Of course the paper doesn’t abandon common ancestry—but nobody claims it did. The paper cites independent insertion events in different lineages to explain why the data “is inconsistent with the generally accepted primate species tree based on molecular data”. That’s just fine! But the ENV blog’s author, Jonathan M. doesn’t claim they abandon common ancestry.
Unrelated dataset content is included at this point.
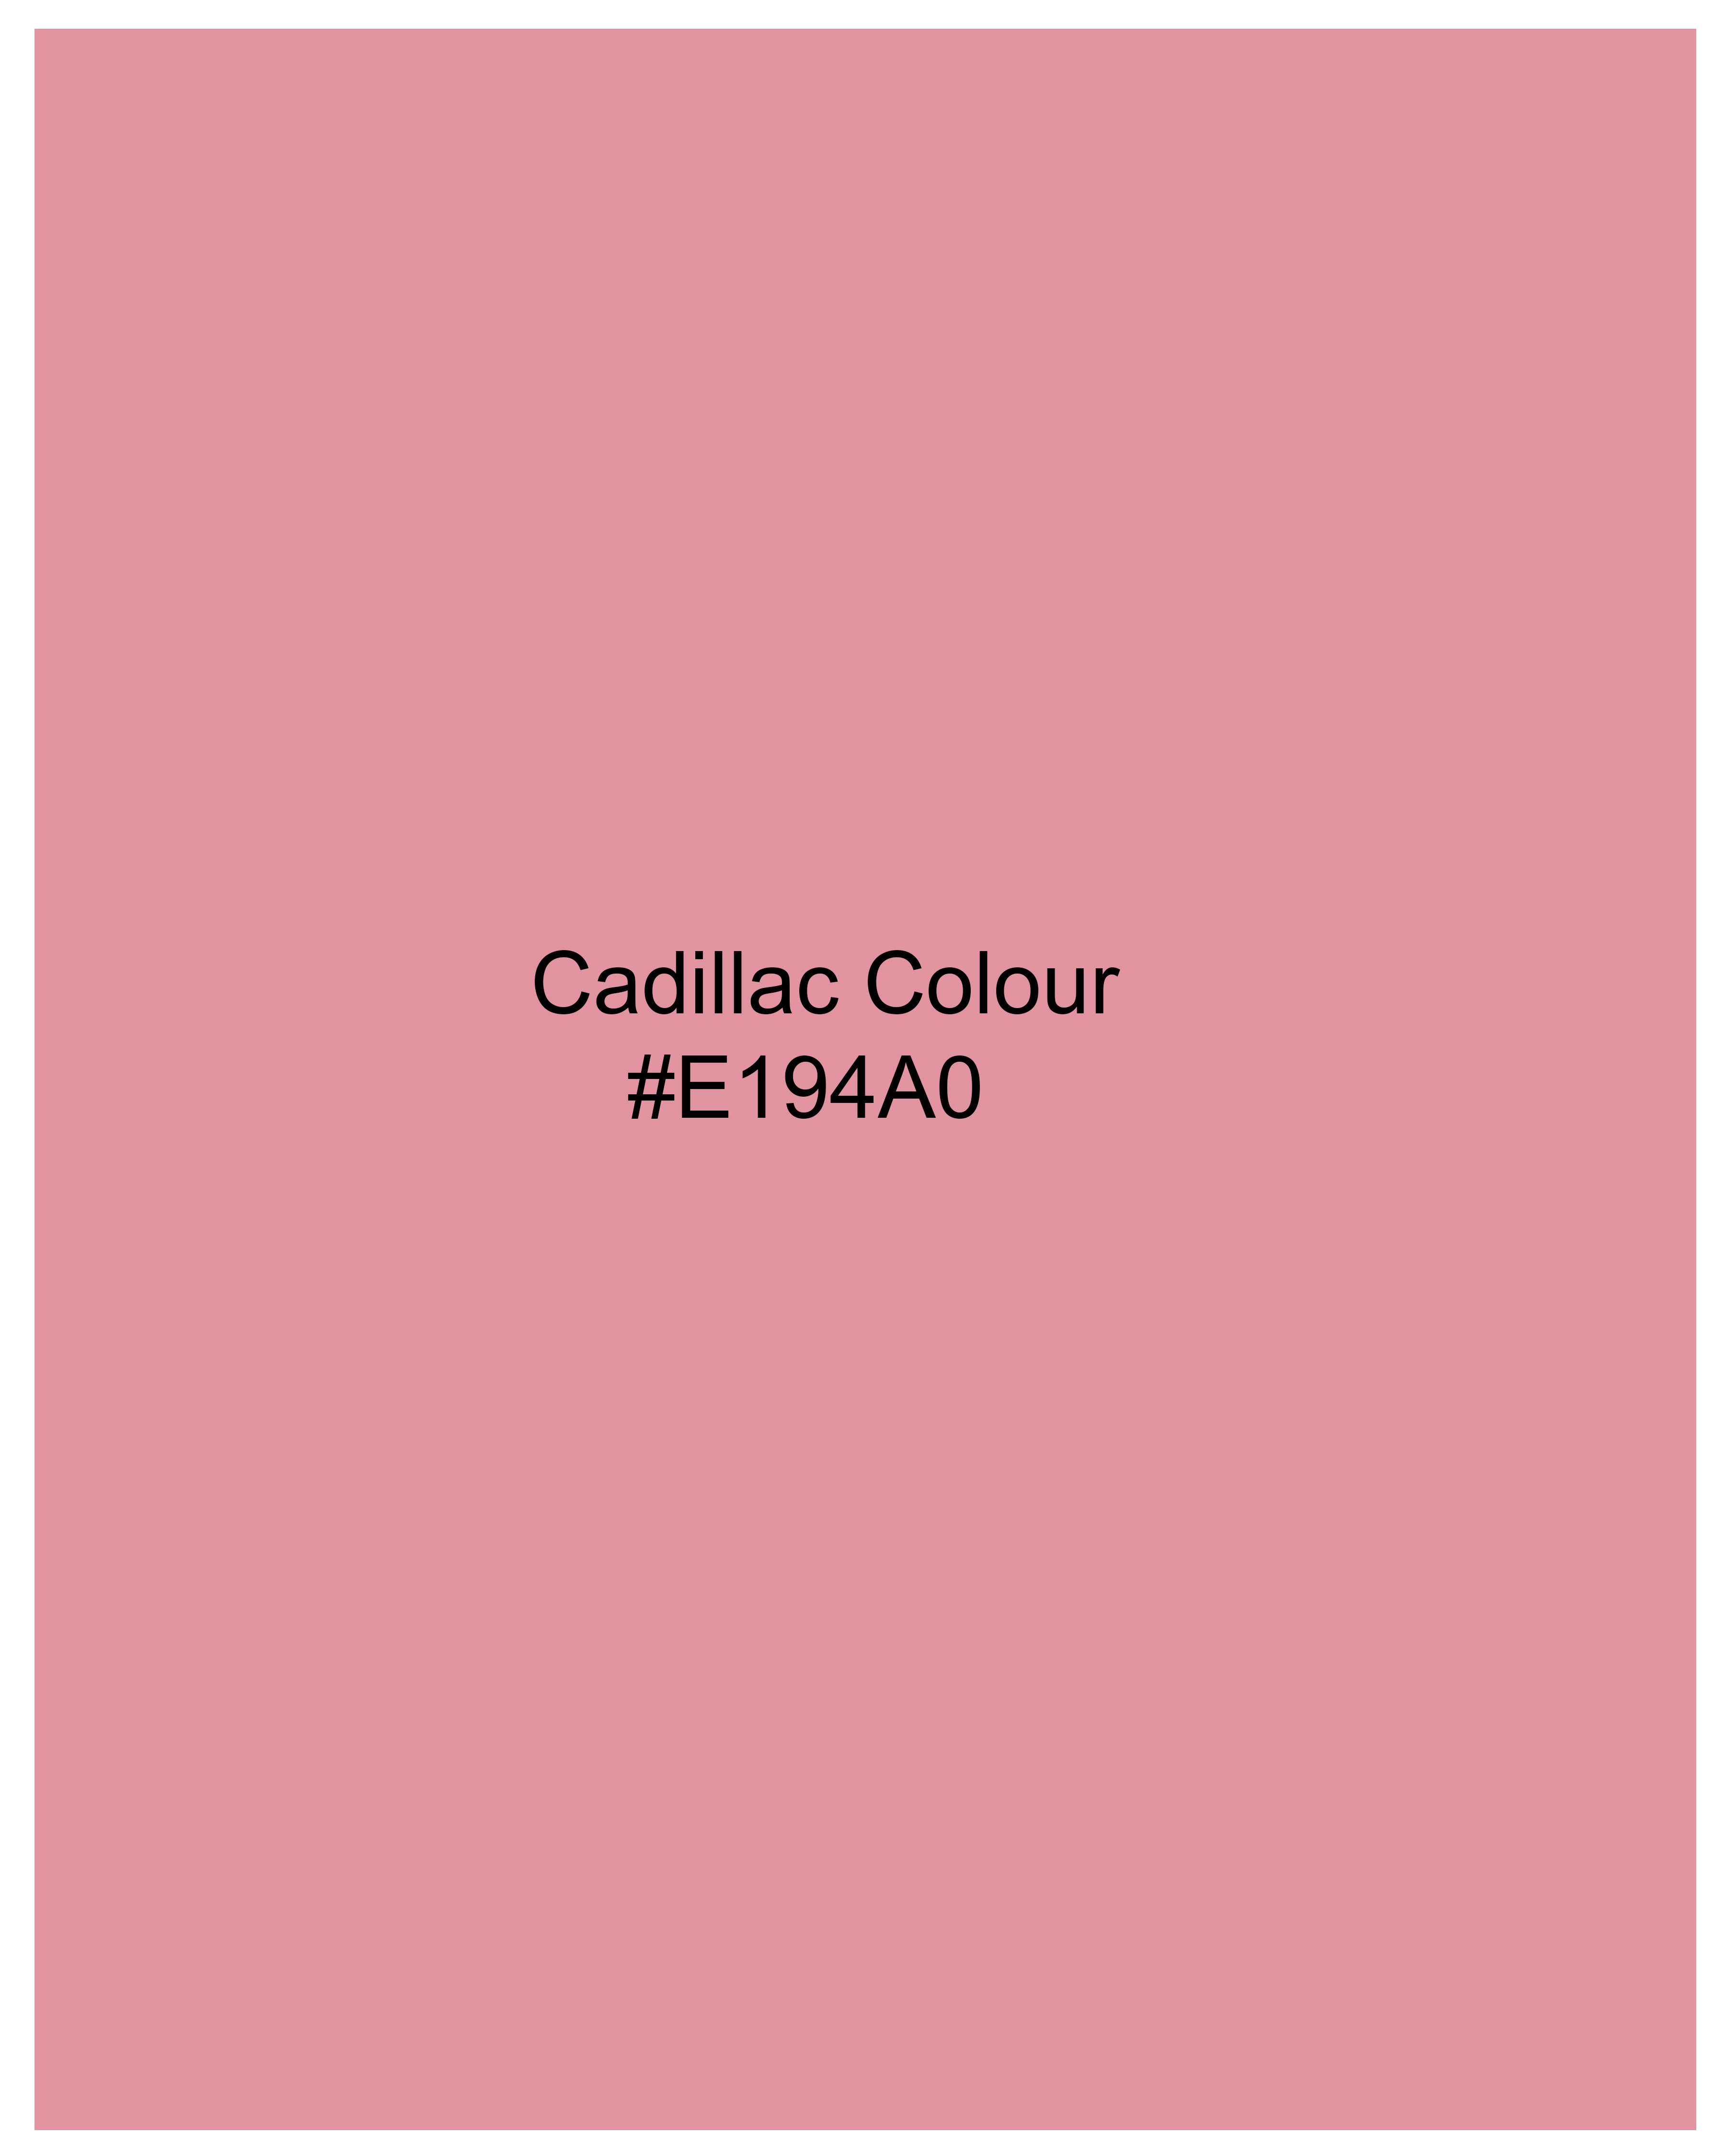 Cadillac Pink Chambray Textured Shirt 9497-M-38, 9497-M-H-38, 9497-M-39, 9497-M-H-39, 9497-M-40, 9497-M-H-40, 9497-M-42, 9497-M-H-42, 9497-M-44, 9497-M-H-44, 9497-M-46, 9497-M-H-46, 9497-M-48, 9497-M-H-48, 9497-M-50, 9497-M-H-50, 9497-M-52, 9497-M-H-52
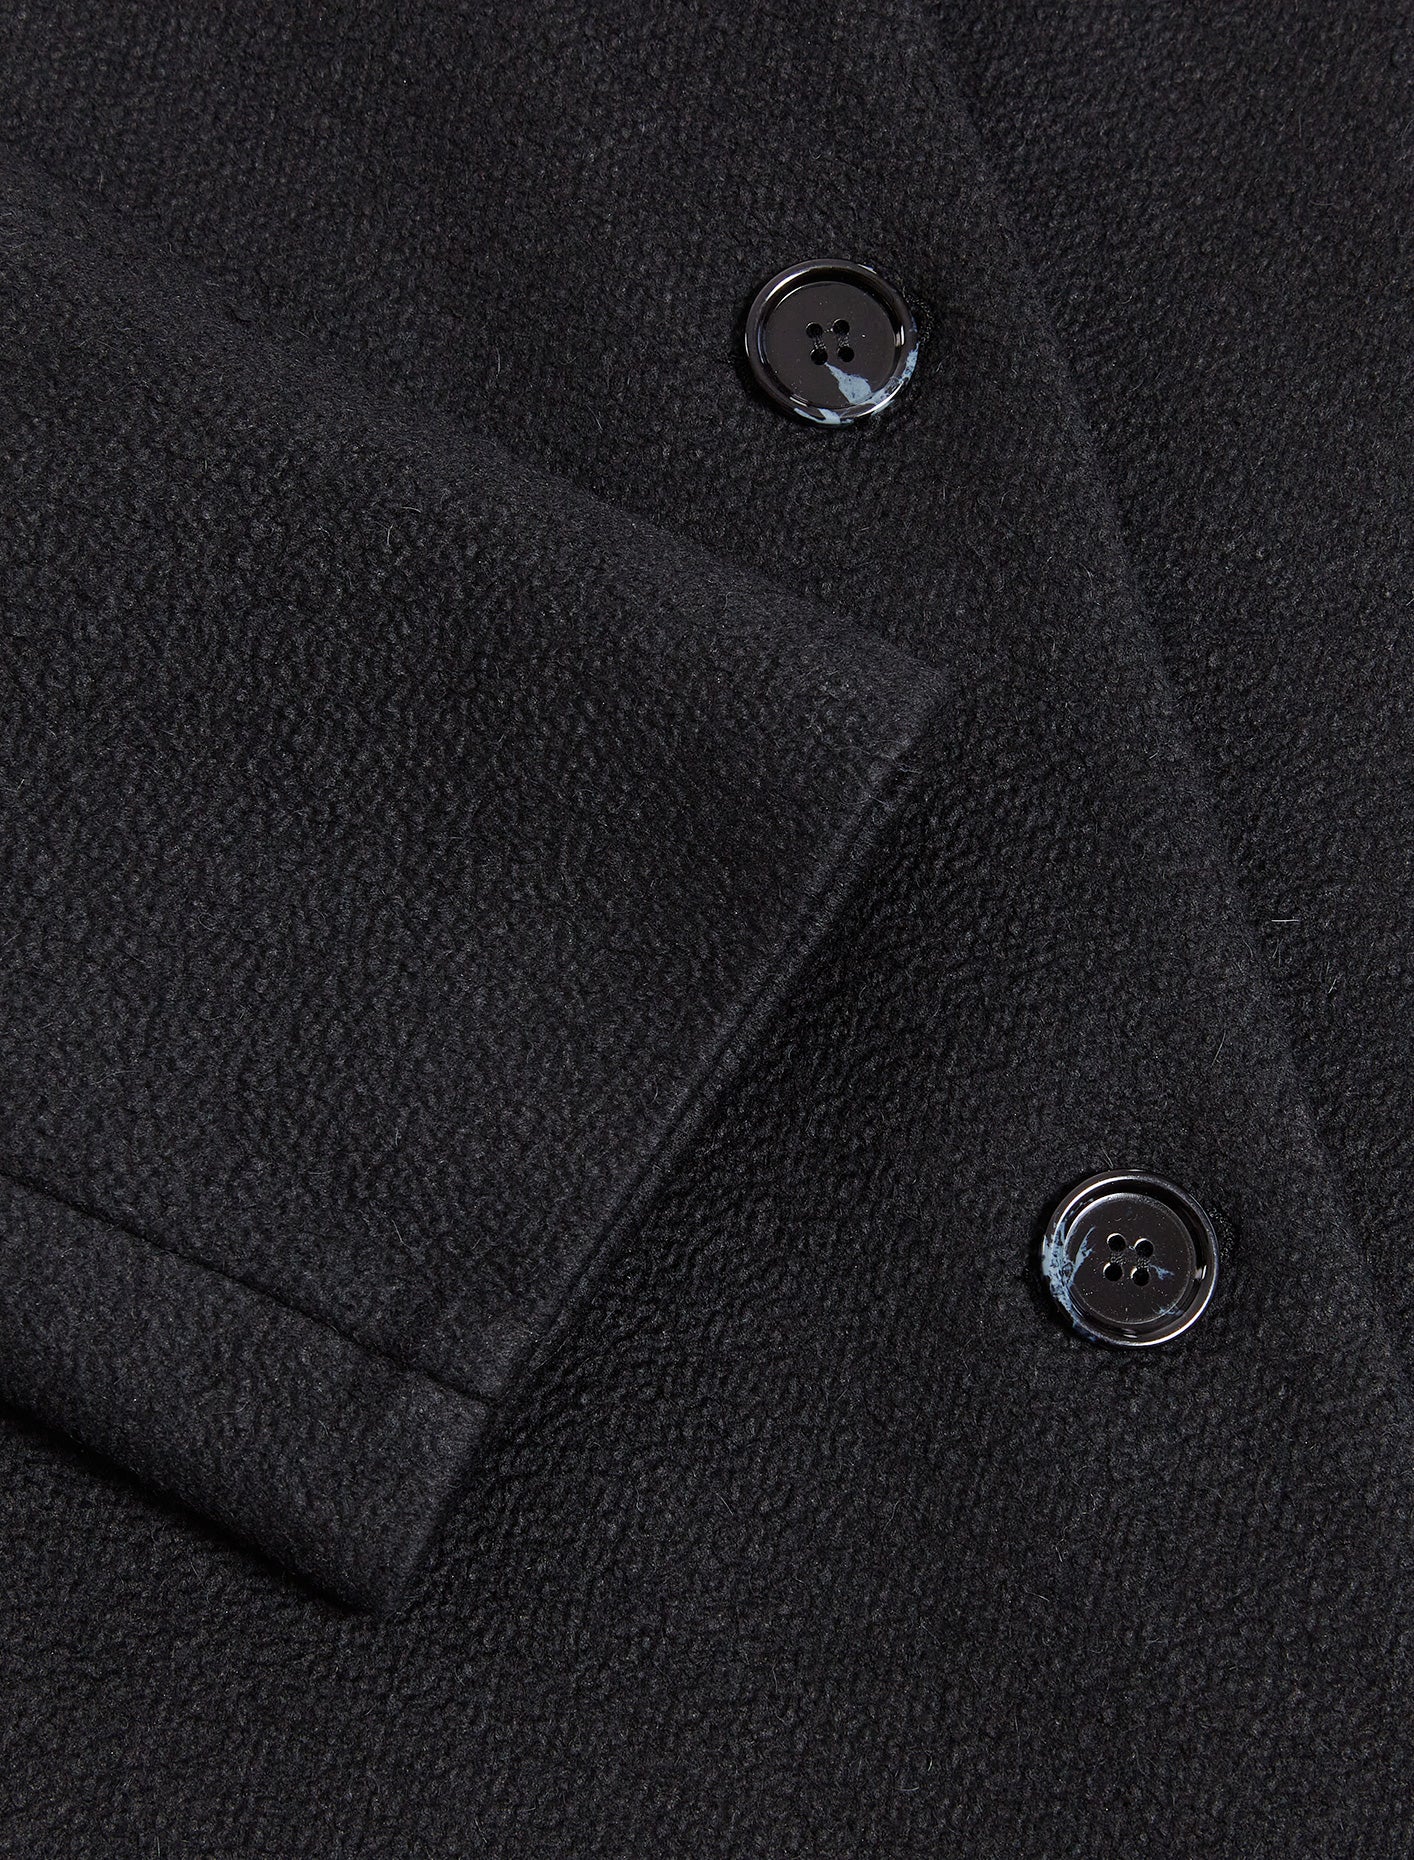 Acne Studios Tailored Twill Coat, Black

He simply cites this paper to note that ERV distributions can be explained by “independent events”, rather than the usual explanation, as he quotes someone arguing ERVs show “humans and the other primates must share common ancestry”. Here’s what the ENV paper states:
Though there are other possible candidate hypotheses for this observation (such as incomplete lineage sorting), in the context of other indications of locus-specific site preference, this data is, at the very least, suggestive that these inserts may in fact be independent events.
So this refutes the accusations against this paper that I quoted above. It also renders the personal attacks against its author (“lies” not “honest”) totally inappropriate.
This thread should be useful for all of us to understand the dynamics of this debate: Critics constantly make accusations against ID proponents that they are both wrong and immoral/incompetent. At the very least, the personal “immoral/incompetent” stuff has no place in this debate—especially when it’s taking place among Christian brothers and sisters. Make your arguments, state your disagreements, but don’t attack people personally. (And we often find that the substance of the arguments against ID is also flawed, as we’ve seen here.)
Obviously this kind of nastiness all over blogs. We even see it right here, openly tolerated by BioLogos on its discussion board. But it goes much further:
But if theistic evolution’s leading scientists and scholars resort to this kind of unsavory rhetoric not just on their blogs, but also in their books, then we have a serious problem.
In my opinion, a massive apology is owed from Dennis Venema to the ID and creationist communities for his uncivil treatments of them in Adam and the Genome. This doesn’t mean he can’t disagree with them–if he disagrees then he can and should vigorously make his arguments! But the tone in the book is deeply damaging to this debate.
So I say this in a loving spirit: This is a great opportunity for Dr. Venema to do something good and praiseworthy before everyone. If Dr. Venema were to do apologize, it would hugely elevate this debate and do a lot to bring harmony among brothers and sisters who happen to disagree on questions of origins.
I have a feeling that ID proponents would lovingly accept Dr. Venema’s apology and gladly move on to more important things in this debate. For my little part, I know I would love the opportunity to do that.
You’ve seen the evidence. Your move.